After a moment’s pause, Graham asked, “What’s that?”
“A sayan is a Jewish volunteer who assists the Israeli intelligence service.”
“The Mossad?”
A nod. “My uncle owned commercial and residential real estate in New York City that he allowed the Mossad to use for their own purposes.”
“In what way?”
“All sorts of ways, and all of them secret. When the Mossad went through my uncle there were no paper trails. No deposits. No governmental red tape. Sometimes Uncle Hi was able to entice certain enemies of Israel to rent a particular apartment or building. Naturally, the Mossad was given full access to those rentals, which allowed them easy monitoring. My uncle said his ‘special friends’—that’s what he called the Mossad—sometimes used his office space to set up phony businesses that allowed them to target their enemies. ‘Friends you keep close,’ my uncle always said, ‘but enemies you keep even closer.’ He and his network helped Israel however they could.”
“Network?”
“The sayanim. Around the world there are tens of thousands of sayanim like my uncle. They offer financial, professional, and material support to the Mossad. A
s a resource, they’re invaluable, like the sayan ticket agent at the airline counter who magically eliminates any record of a Mossad agent’s passage, or the sayan gun-shop owner who provides weapons without paperwork or a waiting period, or the anonymous sayan doctor who treats those kinds of injuries that hospitals might be nosy about. Without the sayanim, Israeli intelligence would not be nearly as effective as it is.”
“You were recruited as one of those?”
“Yes.”
“To do what?”
“To tell you would be a betrayal. I can say that nothing I ever did was anti-American.”
“But you spied nonetheless?”
“I assisted.”
“Why?”
“Maybe to atone for not being a very good Jew. Israel has enemies on all its borders. It is an island under siege. I decided to be its friend.”
“You could have been its friend by writing a fat check to B’nai B’rith instead of being Mata Hari.”
“I was no spy.”
“Then what were you?”
Lanie didn’t answer.
“Did you tell anyone of your involvement?”

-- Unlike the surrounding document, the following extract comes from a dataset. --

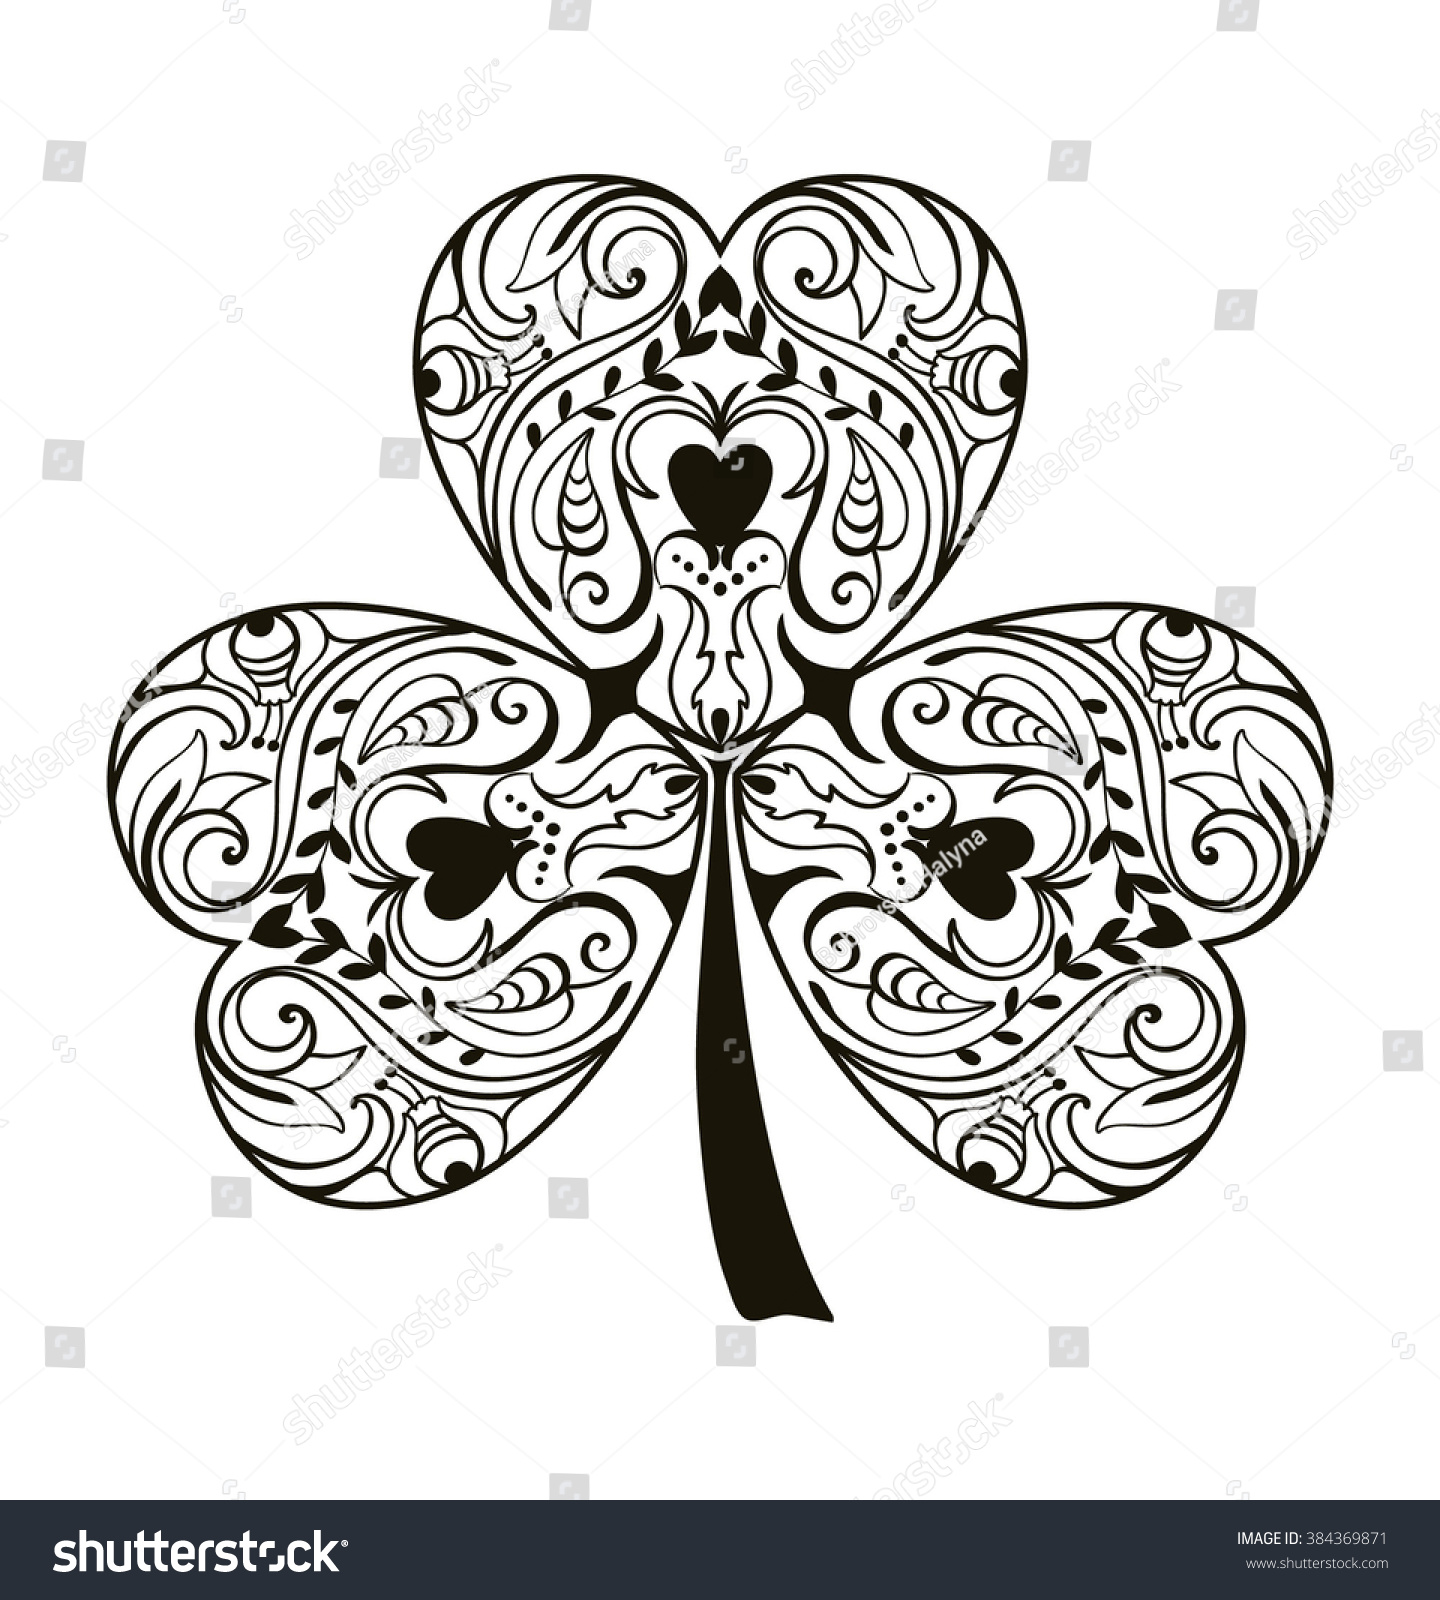 Leaf clover three leaves decorated floral stock vector royalty free

She shook her head. “No. I was under strict orders to keep silence.”
“Not even your uncle?”
“He died several years ago. Part of the reason I decided to work with the Mossad was that I knew Uncle Hi would have wanted me to. He considered his contributions as a sayan to be one of the crowning achievements of his life.”
“How did the Mossad approach you?”
“One of the brothers—Ari Cohen—was attending a Hollywood function and came up to me.”
“The brothers are the men who abducted me?”
“Yes.”
“Did this Ari identify himself as being with the Mossad?”
“Not at first. Ari told me he was a friend of my Uncle Hi’s, and that his death had saddened him greatly. He said my uncle was a great man who had saved countless lives and contributed to the state of Israel in more ways than anyone could ever imagine. Without being too obvious, it was clear Ari was talking about my uncle being a sayan.”